I'm based in the east coast. When called to do a west coast wedding, or even a wedding closer, but out of my immediate area, especially if it's outdoors, I fly in 1-3 days before the event and go on site at least once if indoors, and twice if outdoors, during the time the wedding is to take place to take test shots which I share with the bride and groom to make sure we're on the same page. For outdoor weddings getting the basic exposure is key, and for indoor weddings the challenge is the white balance, which is typically a composite, and therefore custom white balances must be preset. I charge for the advance in the wedding's prepaid package price.
#13. "RE: Flash or Strob....That is the Question" In response to Reply # 0 Mon 04-Feb-13 04:36 PM by Arkayem
Richmond Hill, GA (Savannah), US
>I will be shooting a wedding in April in Texas. The wedding >takes place starting at 7:00pm. The wedding party be using >christmas lights and (sparkles). They want to make sure these >lights show up great. I have Ranger RX, Ranger Quadra, SB910s >for lights to choose from. I shoot with D3S and D800E. > >It should get dark about 7:30 so the lights should show up >great. > >I have softboxes, and Unbrellas for light modifiers. > >The question is how cam I maxamize the picture and effects so >the lights sparkle and pop. What do I use? Strobe or Flash. > >What kind of settings, (A) (S) (ISO). ? > > >Any help??? > >Thanks for helping....I need to do some test shots, I have >time.. > >Tom
I have shot lots of weddings under similar circumstances.
The key is to balance the flash with the Christmas lights. However, even though I did say 'balance', I wouldn't use TTL-BL, because the ambient will be very low, and the camera would have to be set to a very slow shutter (or very high ISO) to make a properly exposed ambient image. TTL-BL depends on a properly exposed image to work correctly.

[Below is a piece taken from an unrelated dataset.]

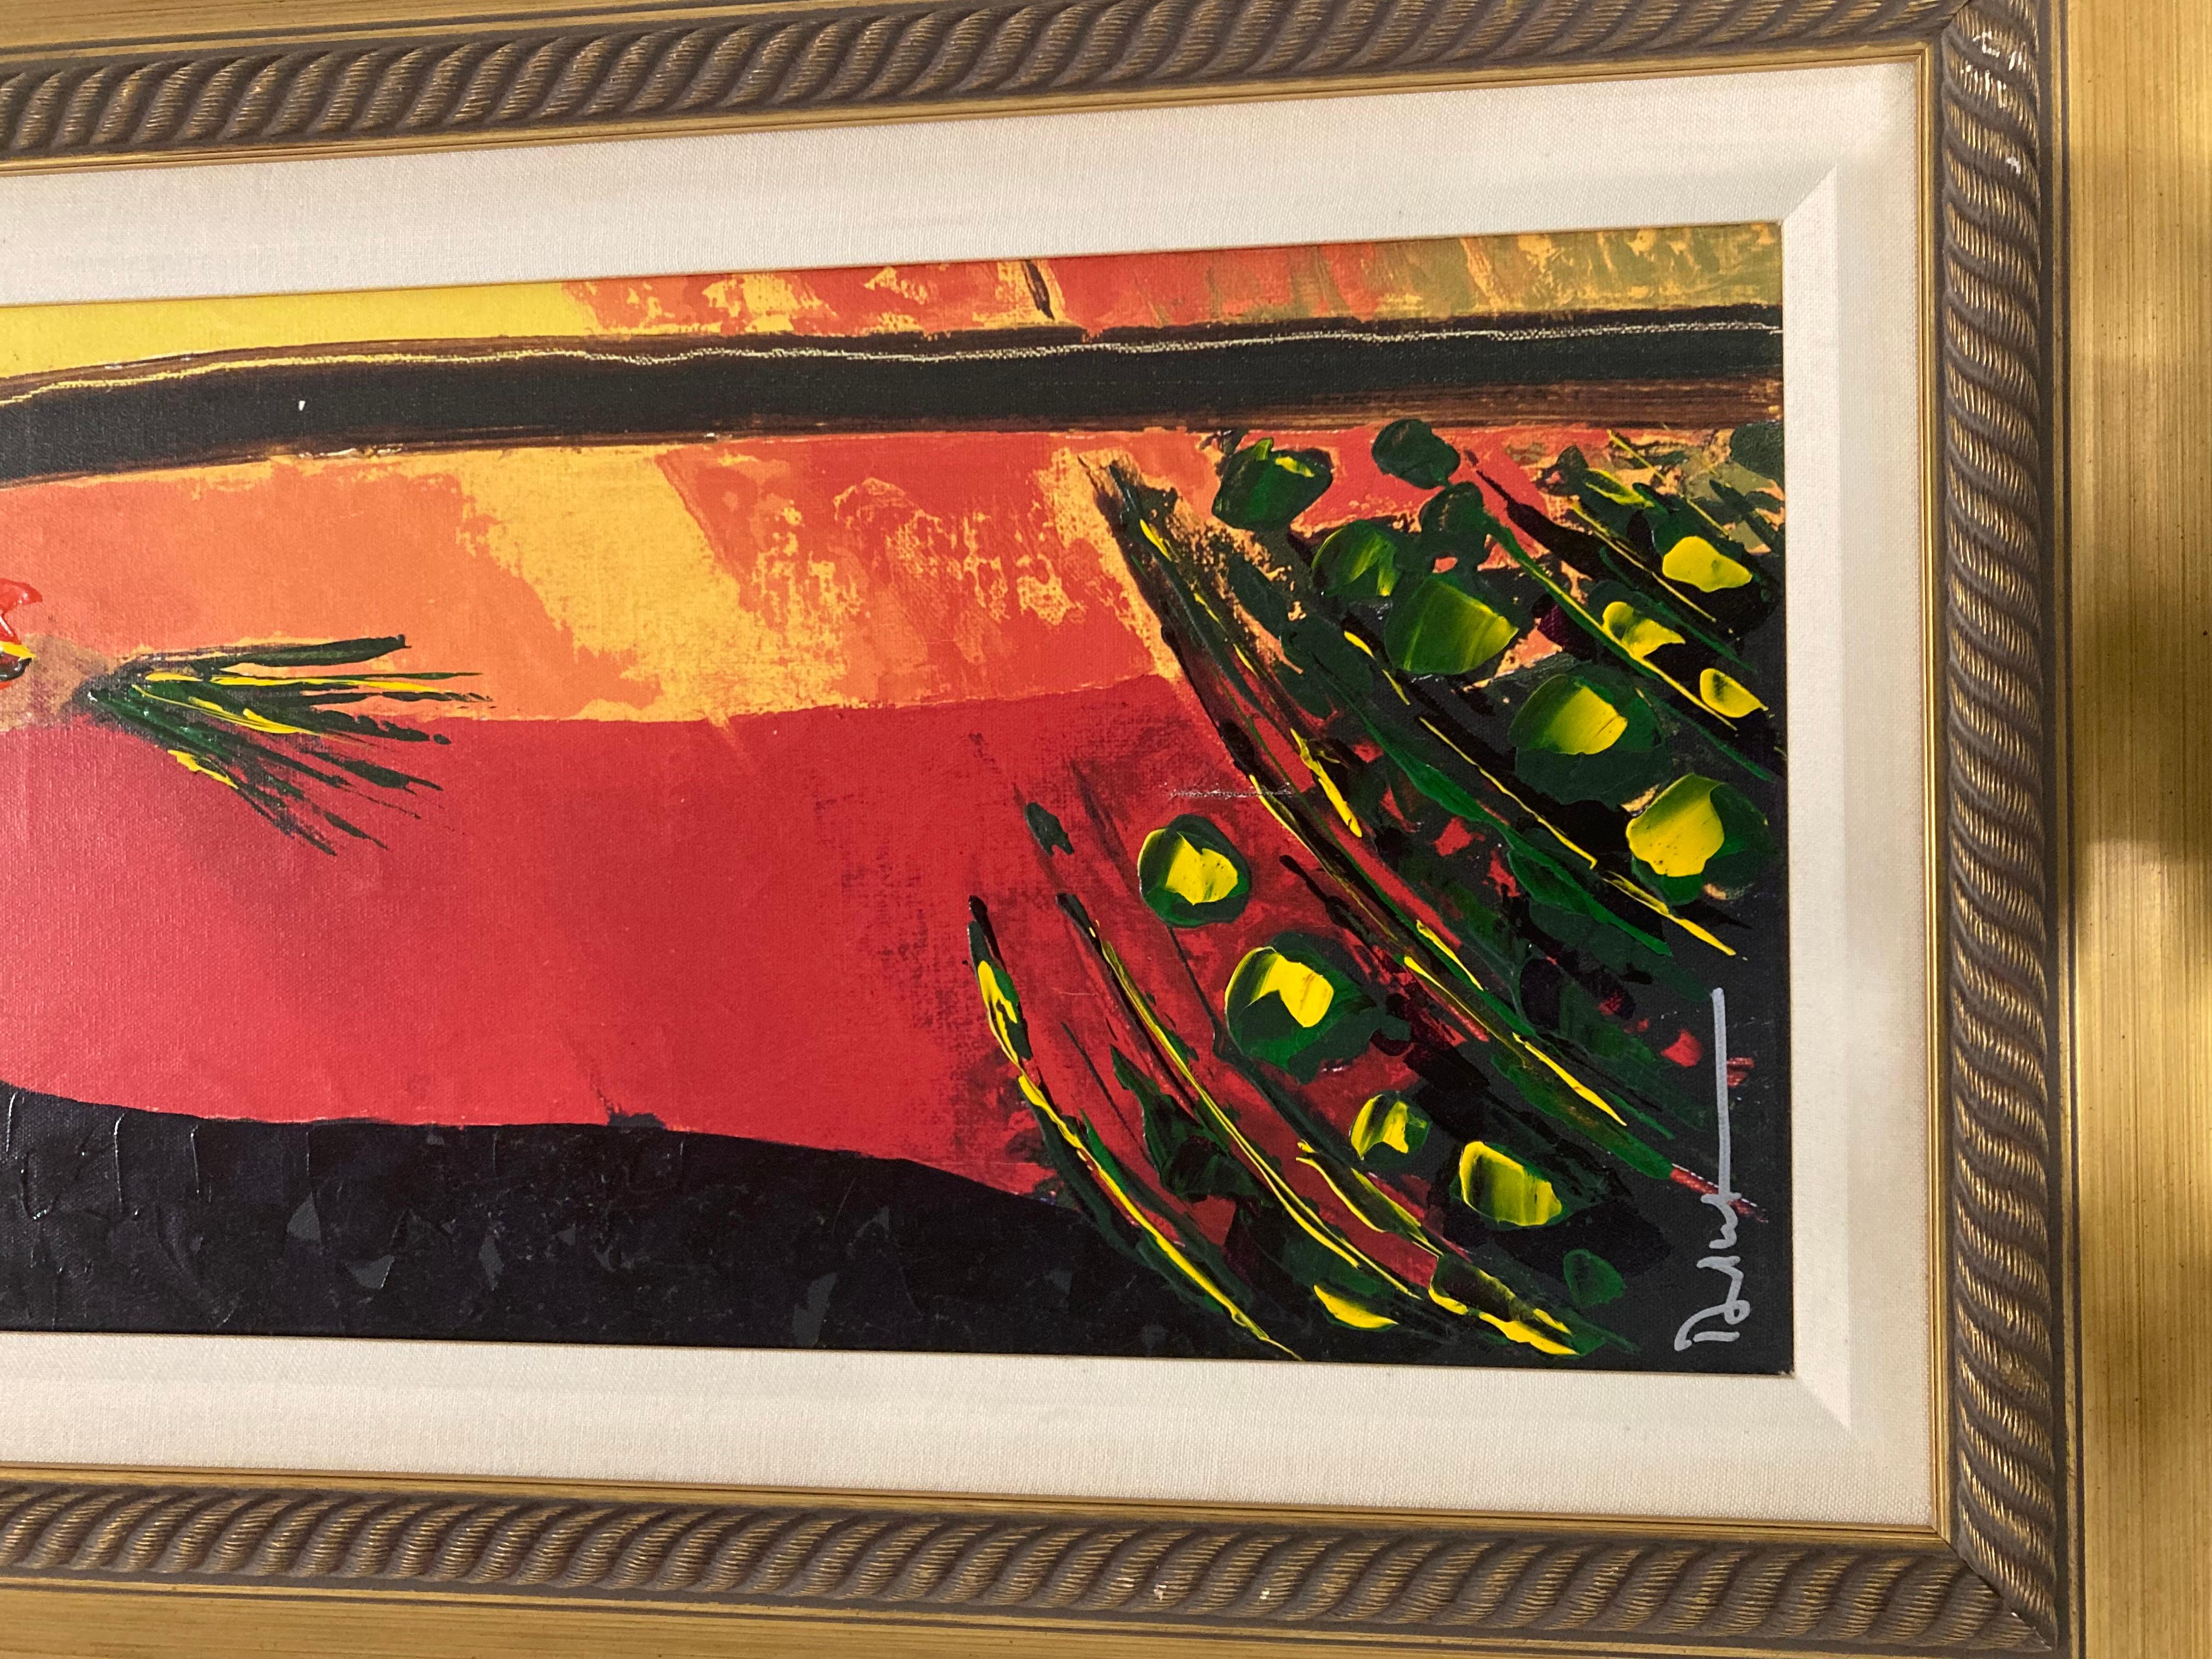 This is an Emile Bellet Giclee on canvas embellished “serenite orange”. In good condition measures 45x21.

So, I would use regular TTL with the camera in A mode. That will limit the shutter to the 'flash shutter speed' which is set to 1/60th as a default. Then, I would set the ISO to achieve nice bright Christmas lights (probably around ISO 800), and reduce the flash by about -0.7 ev to keep the subject from being 'over-flashed' - that's my term. It doesn't mean overexposed. It means too bright to look natural.
During the Golden Hour you will also have the problem of quickly changing light conditions and bright sky. Then, especially if there is a sunset, try using TTL-BL and camera P mode. Pick up your focus by pushing the AF-ON button. Then, point the camera above the head of the subject to include the sunset sky and push and hold the A-EL button to pick up the exposure and hold the focus. Then, reframe and take the shot while still holding the A-EL button.

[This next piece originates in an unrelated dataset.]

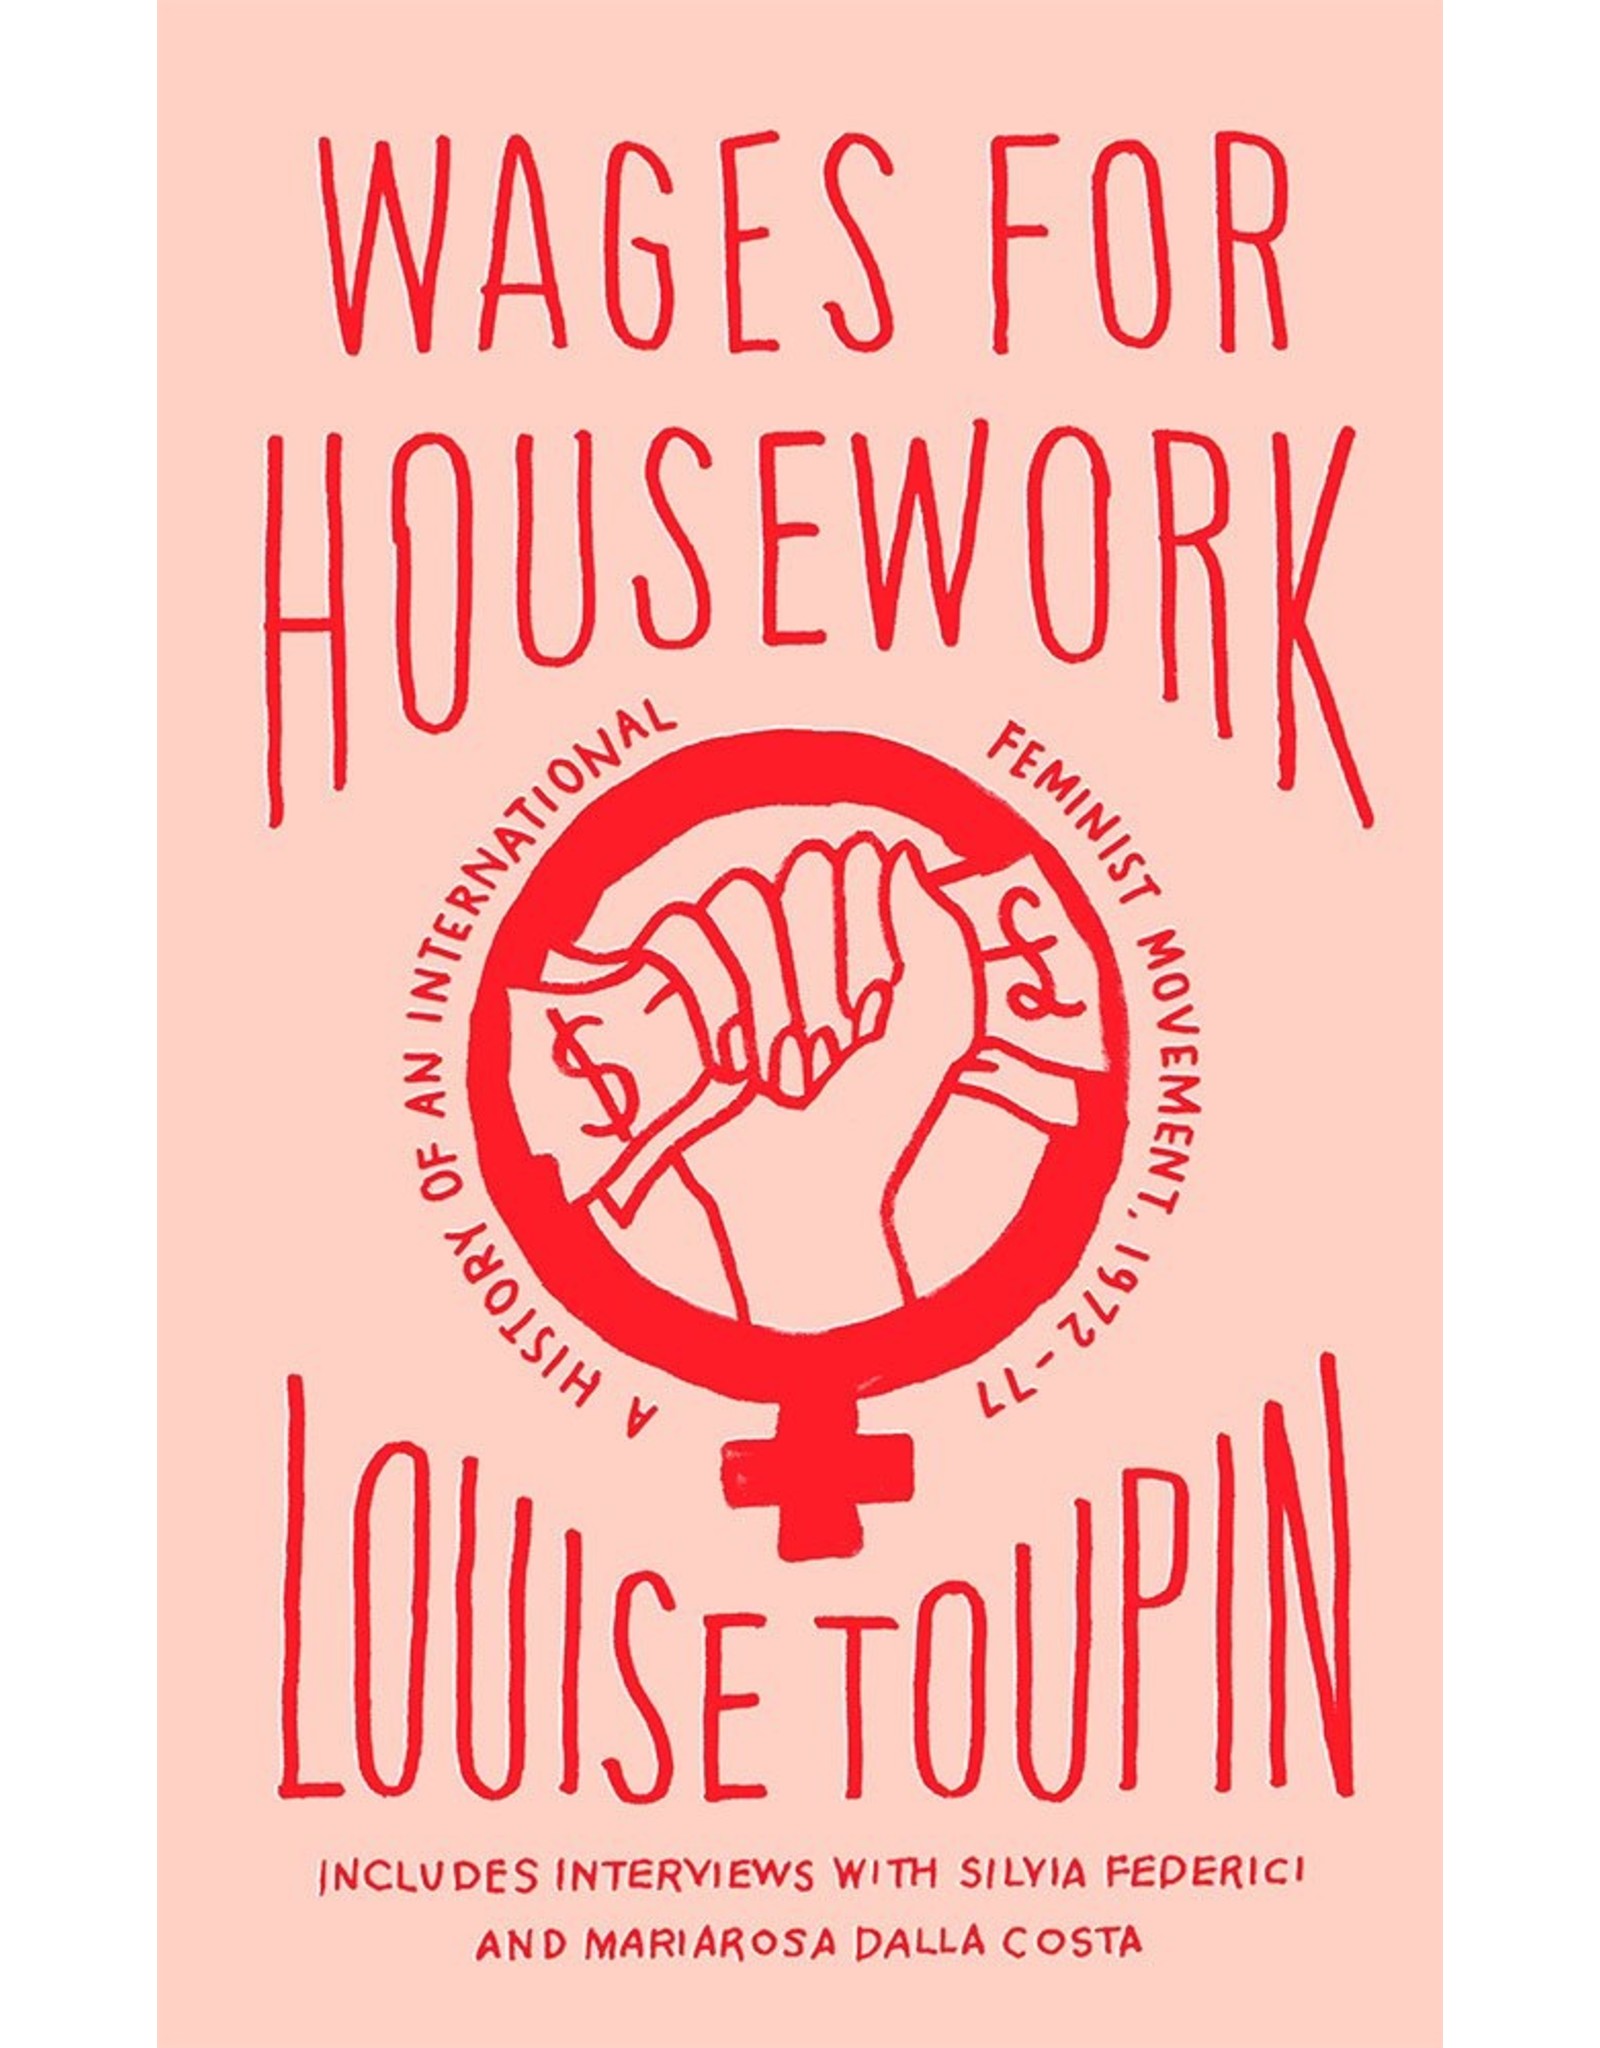 Literature Wages for Housework: A History of an International Feminist Movement, 1972–77

You should practice this method for balancing the sky with the flash a lot before the wedding, so you can do it quickly. It's easy once you do it a while.
And don't be afraid of using camera P mode. My wedding photographer friends say the 'P' mode means 'Professional' mode, since most amateur photographers won't use it. You just have to fully understand it to make it work for you. In bright ambient conditions you have bright ambient conditions when you want to expose the sunset sky correctly, and P mode first sets the shutter to sync speed and then controls the ambient exposure with the aperture. That's exactly what you would do manually in M mode, so why not let P mode do it for you automatically.
Of course, you could always use Auto FP High Speed Sync and put the camera in A mode. The problem with FP Sync mode is that the maximum flash power is less than half of what it is in regular sync, meaning your maximum working distance from your subject is much less. I normally use regular sync and P mode when shooting TTL-BL.